Tagraxofusp Shows Manageable Safety, Modest Activity in Myelofibrosis

Key Clinical Summary

• Population and design: Nonrandomized, open-label, multicenter phase 1/2 trial of tagraxofusp monotherapy in myelofibrosis (MF); 5 treatment-naïve and 25 JAK inhibitor (JAKi)–refractory/resistant patients were efficacy-evaluable at the recommended phase 2 dose (RP2D).
• Safety: RP2D was 12 μg/kg/day on days 1–3 per cycle; no dose-limiting toxicities. Grade ≥3 events included anemia (22%), thrombocytopenia (19%), and dyspnea (11%); capillary leak syndrome occurred in 11% (all cycle 1) with resolution.
• Efficacy signals: Among relapsed/refractory patients, 40% achieved ≥50% total symptom score (TSS) reduction at any time; spleen volume reduction ≥35% occurred in 2/18 evaluable patients with baseline splenomegaly; median overall survival (OS) 19.3 months.

A phase 1/2 study evaluated the CD123-targeted agent tagraxofusp—approved for blastic plasmacytoid dendritic cell neoplasm—as monotherapy in myelofibrosis, including patients resistant/refractory to JAK inhibitors.

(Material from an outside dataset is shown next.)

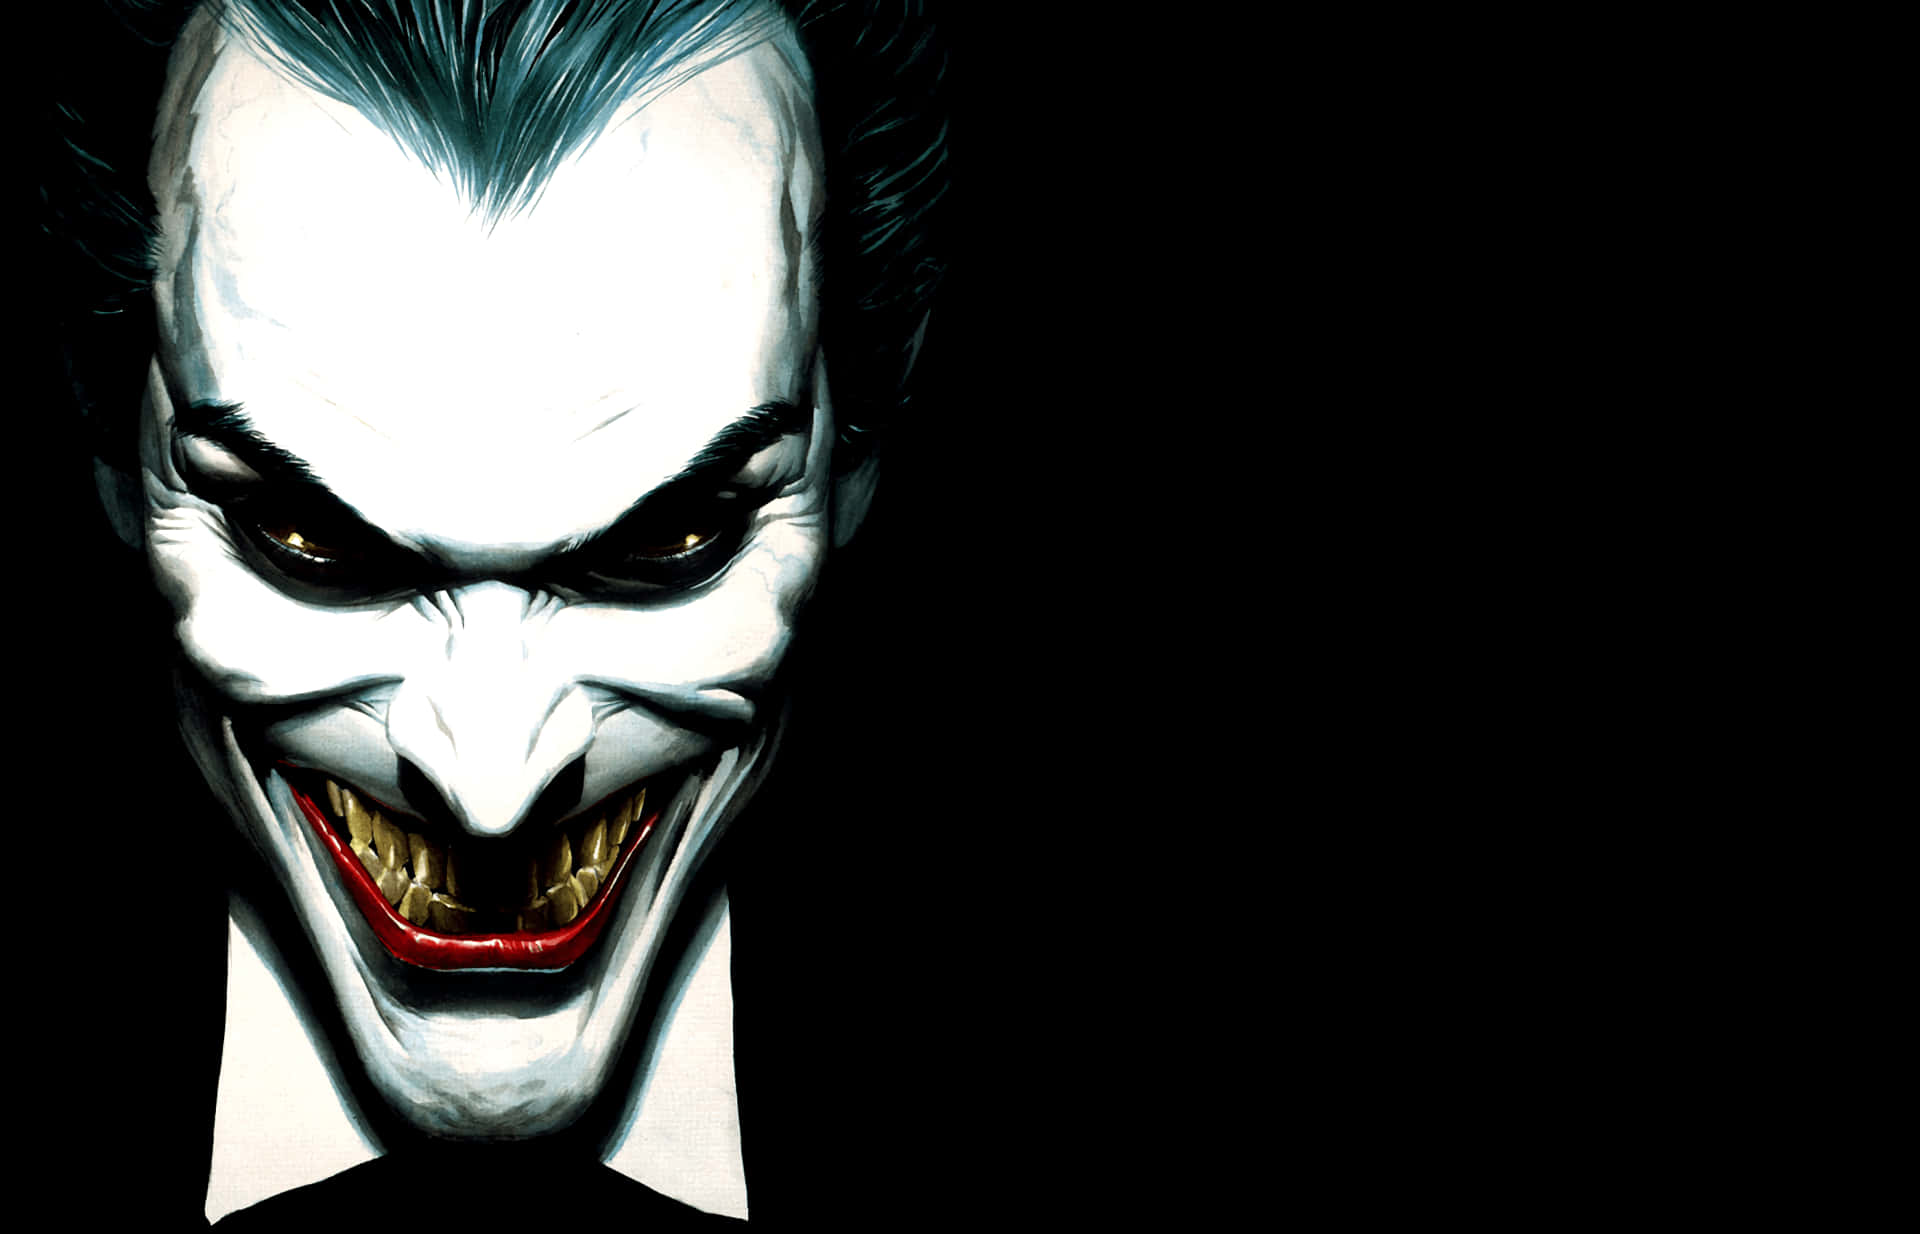 Evil Joker Unleashed - A Menacing Grin Amidst Darkness Wallpaper

The trial determined an optimal dose and characterized safety and efficacy using IWG-MRT/ELN criteria and symptom endpoints (ClinicalTrials.gov NCT02268253).

Study Findings

Dose escalation identified 12 μg/kg/day (days 1–3 per cycle) as the RP2D, with no dose-limiting toxicities. In the safety population treated at this dose (n = 36), the most frequent grade ≥3 treatment-emergent adverse events were anemia (22%), thrombocytopenia (19%), and dyspnea (11%). Capillary leak syndrome (CLS) occurred in 11%, exclusively in cycle 1, with resolution in all cases; 2 patients discontinued because of CLS.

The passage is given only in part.